Management maintains allowances for doubtful accounts for estimated losses
resulting from the inability of its customers to make required payments. If the
financial condition of the Company's customers were to deteriorate, resulting in
an impairment of their ability to make payments, additional allowances may be
required. Management also records estimates for customer returns and discounts
offered to customers. Should a greater proportion of customers return goods and
take advantage of discounts than estimated by the Company, additional allowances
may be required.

Inventories

Management identifies slow moving or obsolete inventories and estimates
appropriate loss provisions related to these inventories. Historically, these
loss provisions have not been significant as the vast majority of the Company's
inventories are considered saleable and the Company has been able to liquidate
any slow moving or obsolete inventories through the Company's factory clearance
center or through various discounts to customers. Should management encounter
difficulties liquidating slow moving or obsolete inventories, additional
provisions may be required.

Pension benefits

Management records an accrual for pension costs associated with the Company
sponsored noncontributory defined benefit pension plans covering the union and
non-union workers of the



13


Company's operations. Future adverse changes in market conditions or poor
operating results of underlying plan assets could result in losses or a higher
accrual.



Income taxes

Currently, management has not recorded a valuation allowance to reduce its
deferred tax assets to the amount that it believes is more likely than not to be
realized. The Company has considered future taxable income and ongoing prudent
and feasible tax planning strategies in assessing the need for the valuation
allowance, however in the event the Company were to determine that it would not
be able to realize all or part of its net deferred tax assets in the future, an
adjustment to the deferred tax assets would be charged to income in the period
such determination was made. Likewise, should the Company determine that it
would be able to realize its deferred tax assets in the future in excess of its
net recorded amount, an adjustment to the deferred tax assets would increase
income in the period such determination was made.

Restructuring costs

As disclosed in Note 2 of Notes to the Interim Unaudited Condensed Consolidated
Financial Statements, in 2001 management established an accrual for estimated
restructuring and realignment costs associated with the closing of its
Nelsonville manufacturing facility. The Company expects no additional
restructuring and realignment costs associated with this plan, however should
the Company incur additional costs related to the closing of the manufacturing
facility, additional accruals may be required.

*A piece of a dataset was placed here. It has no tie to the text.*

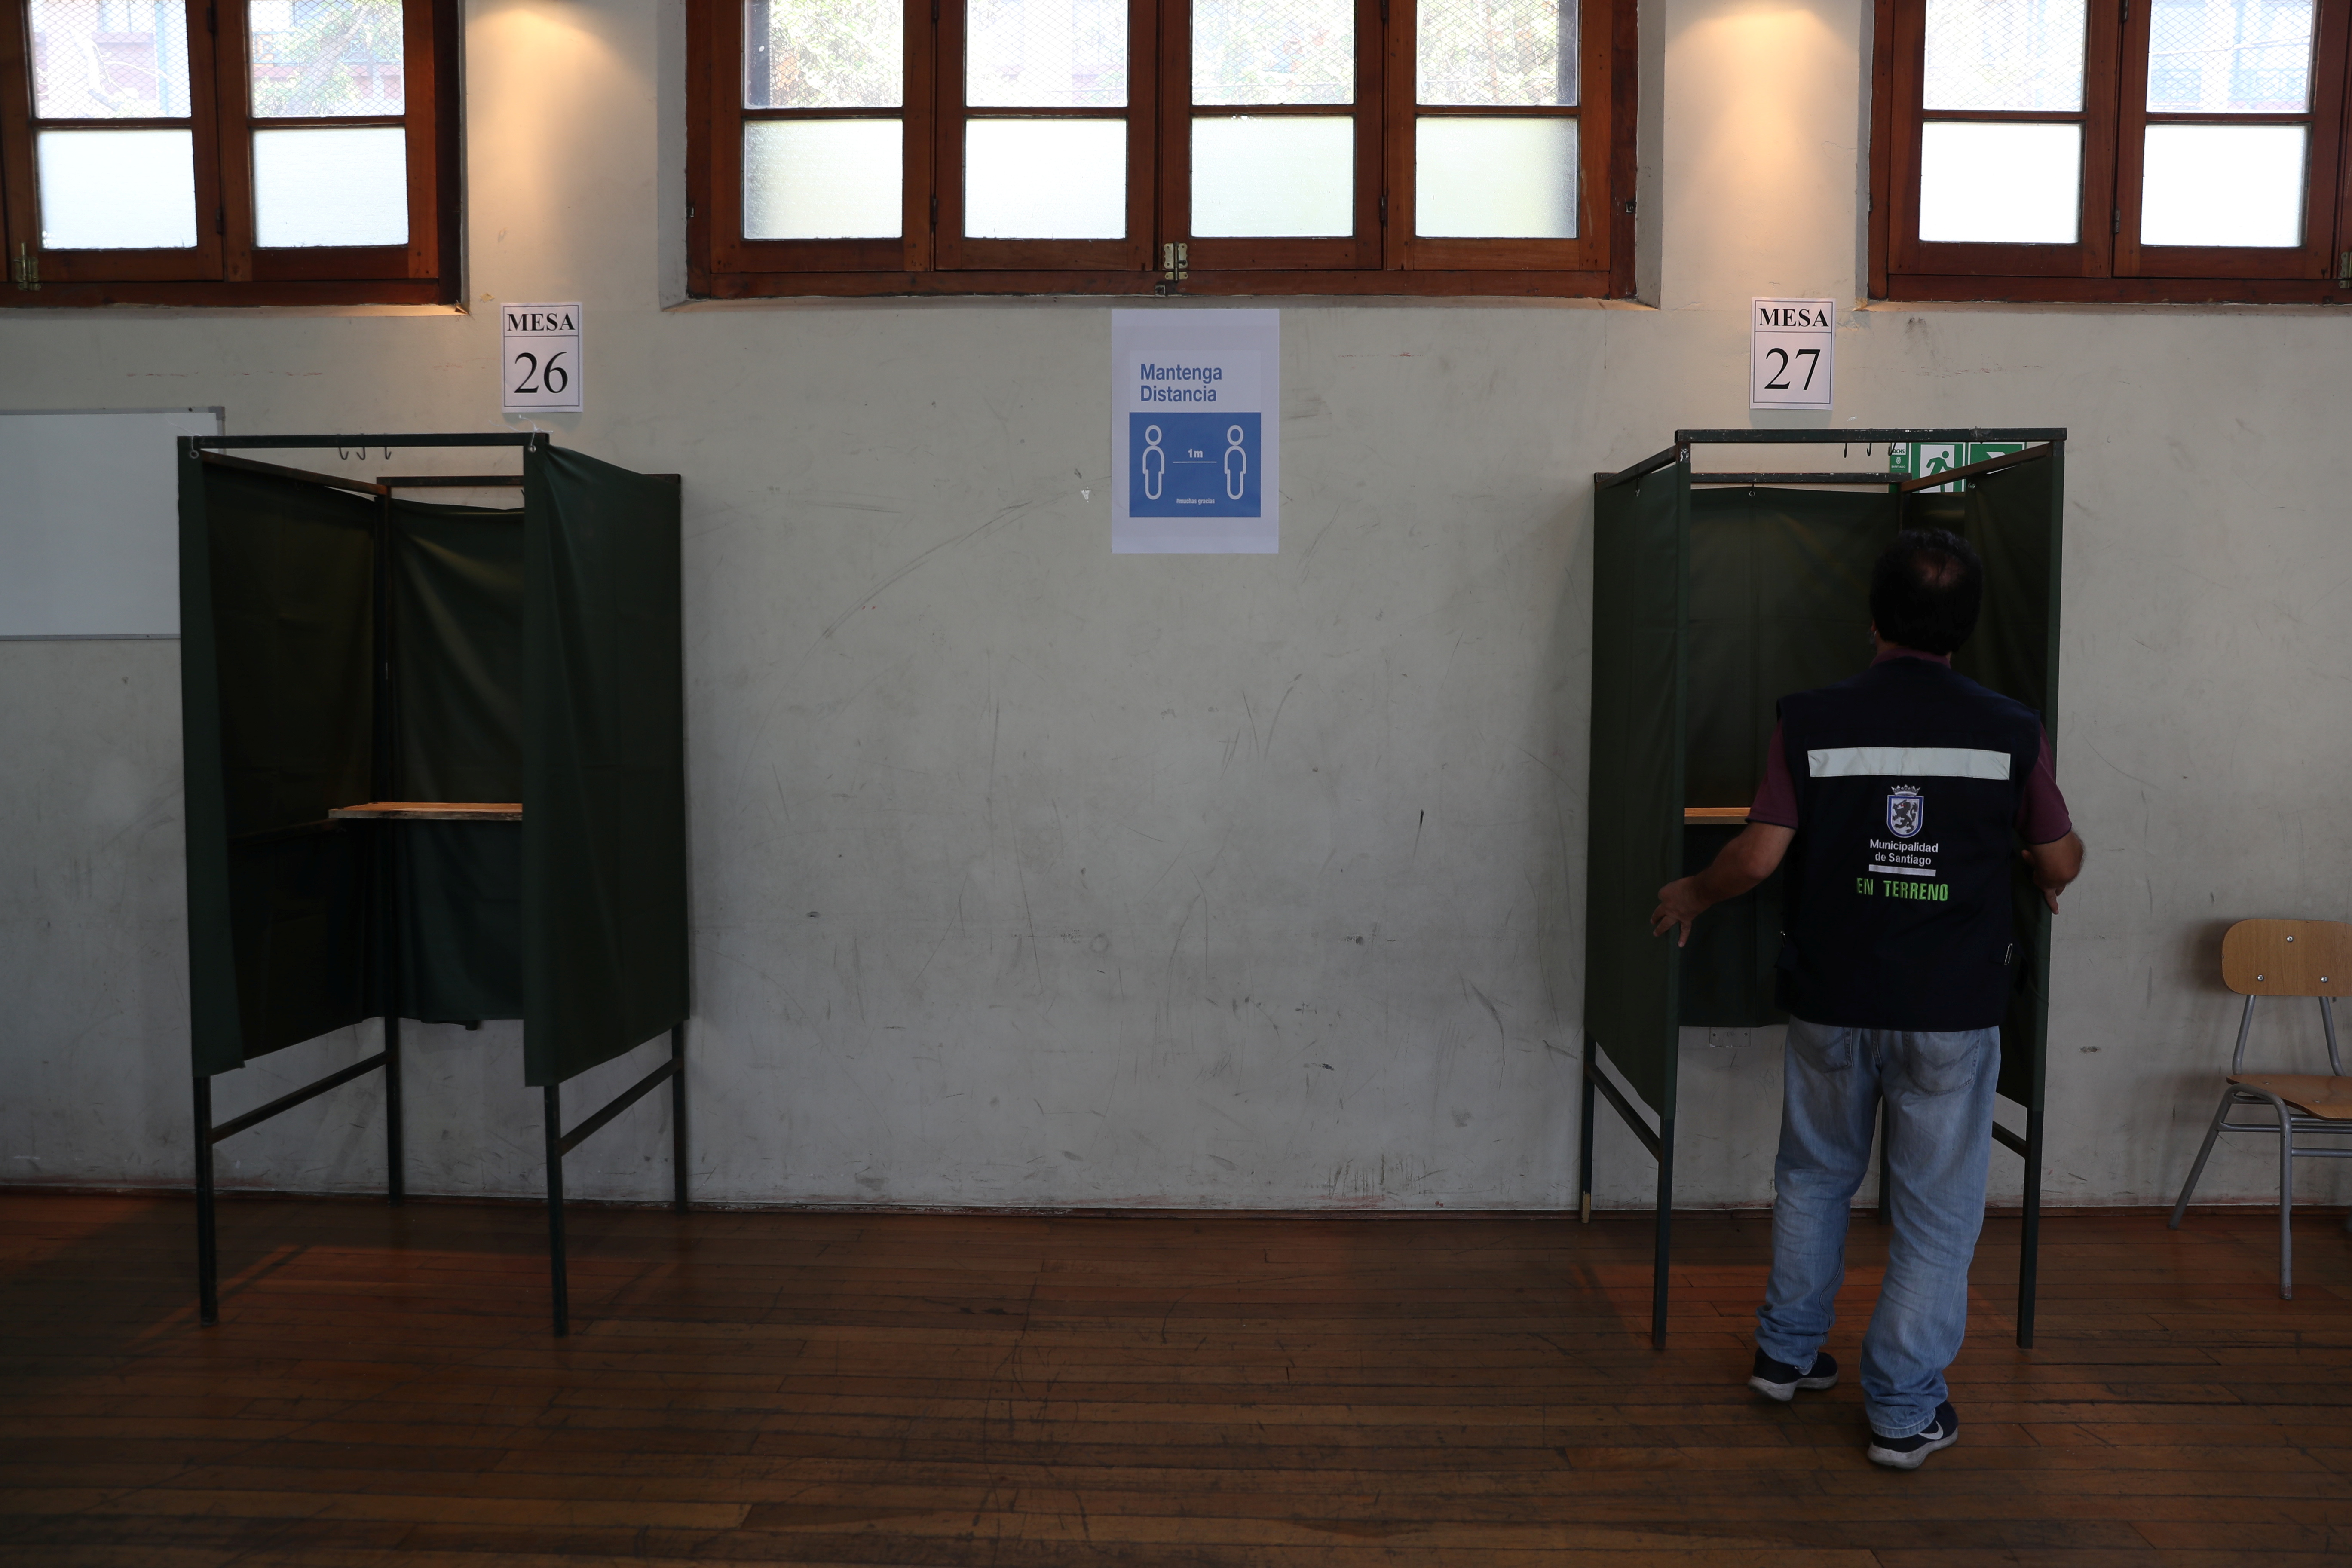 Un trabajador arregla una cabina de votación dentro de un colegio electoral durante un simulacro de votación antes del próximo referéndum sobre una nueva constitución chilena en Santiago, Chile, el 23 de octubre de 2020
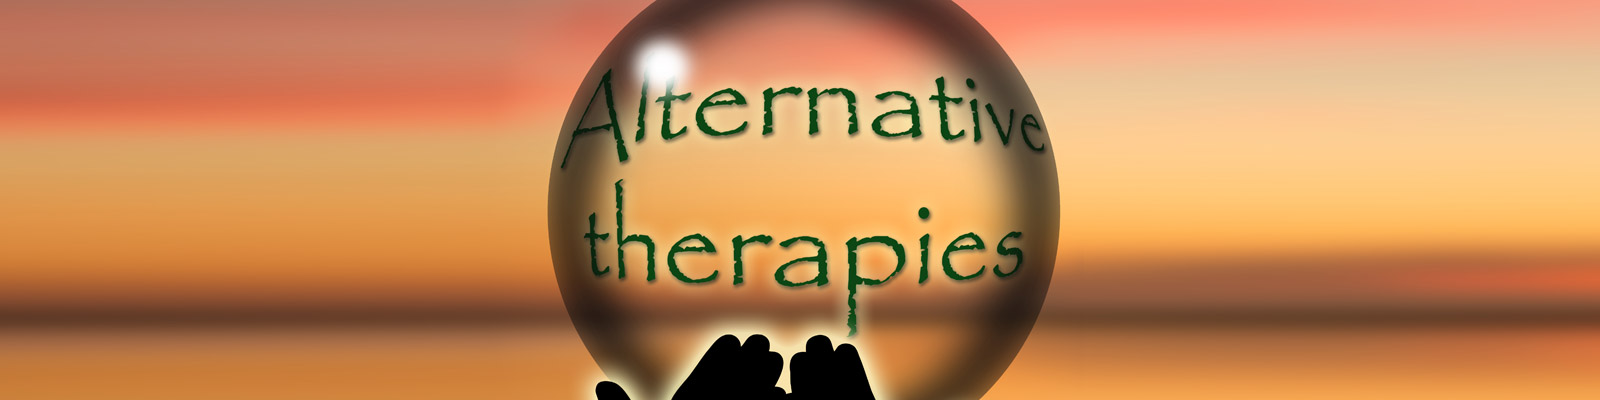 Schlafstörung Alternative Therapien

SAFE HARBOR STATEMENT UNDER THE PRIVATE SECURITIES LITIGATION REFORM ACT OF
1995.

The foregoing Management's Discussion and Analysis of Financial Condition and
Results of Operations contains forward-looking statements within the meaning of
Section 21E of the Securities Exchange Act of 1934, as amended, and Section 27A
of the Securities Act of 1933, as amended, which are intended to be covered by
the safe harbors created thereby. Those statements include, but may not be
limited to, all statements regarding intent, beliefs, expectations, projections,
forecasts, and plans of the Company and its management and include any
statements regarding gross margin (paragraphs 4 and 10), and selling, general
and administrative expenses (paragraph 5). Investors are cautioned that such
statements involve risks and uncertainties, including, but not limited to,
changes in consumer demand, seasonal fluctuations, impact of weather,
competition, reliance on suppliers, changing retailing trends, reliance on
foreign manufacturing, changes in tax rates, capital expenditures, limited
protection of proprietary technology, and other risks, uncertainties and factors
described in the Company's most recent Annual Report on Form 10-K and other
filings from time to time with the Securities and Exchange Commission. One or
more of these factors have affected, and in the future could affect the
Company's business and financial results and cause actual results to differ
materially from plans and projections. Although the Company and its management
believe that the assumptions underlying the forward-looking statements contained
herein are reasonable, any of the assumptions could be inaccurate. Therefore,
there can be no assurance that the forward-looking statements included herein
will prove to be accurate. In light of the significant uncertainties inherent in
the forward-looking statements contained herein, the inclusion of such
information should not be regarded as a representation by




14


the Company, its management or any other person that the Company's objectives
and plans will be achieved. All forward-looking statements made herein are based
on information presently available to the management of the Company. The Company
undertakes no obligation to publicly update or revise any forward-looking
statements.


PART 1 - FINANCIAL INFORMATION

ITEM 3 - QUANTITATIVE AND QUALITATIVE DISCLOSURES ABOUT MARKET RISK

There have been no material changes since December 31, 2001.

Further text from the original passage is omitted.